Supreme Court of United States.
Argued April 17, 18, 1913. Decided April 28, 1913. APPEAL FROM THE CIRCUIT COURT OF THE UNITED STATES FOR THE SOUTHERN DISTRICT OF CALIFORNIA.*455 Mr. Frank H. Short, with whom Mr. F.E. Cook and Mr. E.J. McCutchen were on the brief, for appellant.
Mr. Raleigh E. Rhodes, with whom Mr. Marshall B. Woodworth was on the brief, for appellees.
MR. JUSTICE HOLMES delivered the opinion of the court.
This is a bill in equity to restrain the City of Madera from proceeding with the construction of a water plant in competition with one that the plaintiff and its predecessors have built under the constitution of the State. The Circuit Court sustained a demurrer and dismissed the bill. 185 Fed. Rep. 281. The ground of the suit is that the state constitution provides that in any city where there are no public works owned by the municipality for supplying the same with water, any individual or corporation of the State shall have the privilege of using the public streets and laying down pipes, &c., for the purpose, subject to the right of the municipal government to regulate the charges. Art. 11, § 19. It is argued that this provision, coupled with the duty imposed on the governing body to fix water rates annually, and the corresponding duty of the water company to comply with the regulations, both under severe penalties (Art. 14, §§ 1, 2, act of March 7, 1881, §§ 1, 7, 8, Stats. 1881, p. 54, c. 52), imports a contract that the private person or corporation constructing works as invited shall not be subject to competition from the public source. Otherwise, it is pointed out, the same body will be called upon to regulate the *456 plaintiff's charges and to endeavor to make a success of the city works. Furthermore the plaintiff is forbidden by other provisions to divert its property to other uses and, again, will be called on to pay taxes to help its rival to succeed. Thus it is said, the city proposes to destroy the plaintiff's property, contrary to the Fourteenth Amendment of the Constitution of the United States.

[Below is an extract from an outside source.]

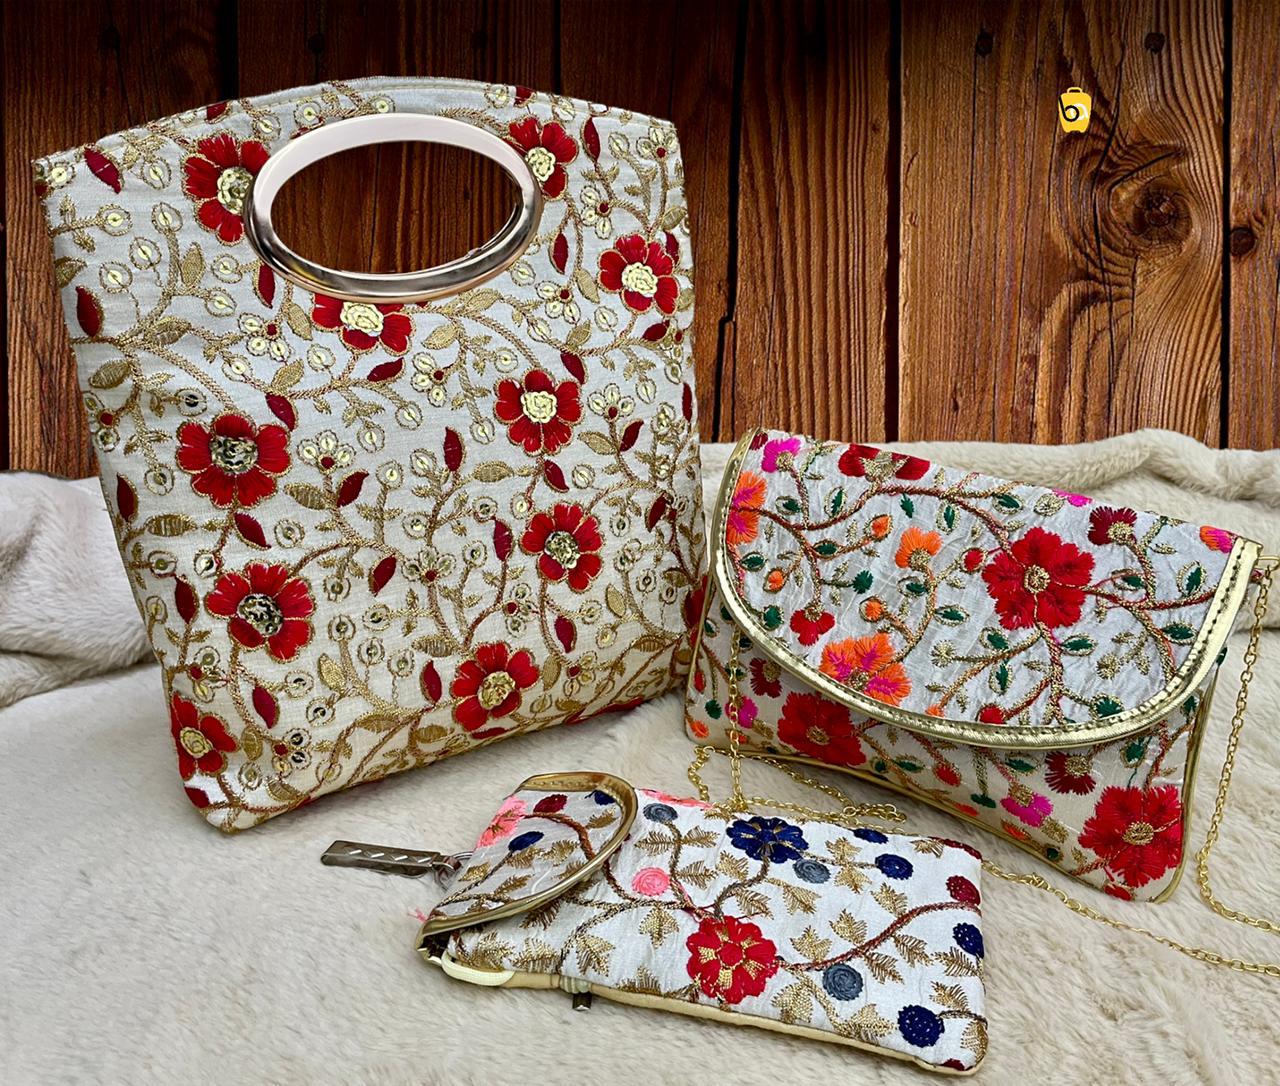 Embroidered Handbags Manufacturer Supplier from Mumbai India

But if, when the plaintiff built, the constitution of the State authorized cities to build water works as well after works had been built there by private persons as before, the plaintiff took the risk of what might happen. An appeal to the Fourteenth Amendment to protect property from a congenital defect must be vain. Abilene National Bank v. Dolley, 228 U.S. 1, 5. It is impossible not to feel the force of the plaintiff's argument as a reason for interpreting the Constitution so as to avoid the result, if it might be, but it comes too late. There is no pretence that there is any express promise to private adventurers that they shall not encounter subsequent municipal competition. We do not find any language that even encourages that hope, and the principles established in this class of cases forbid us to resort to the fiction that a promise is implied.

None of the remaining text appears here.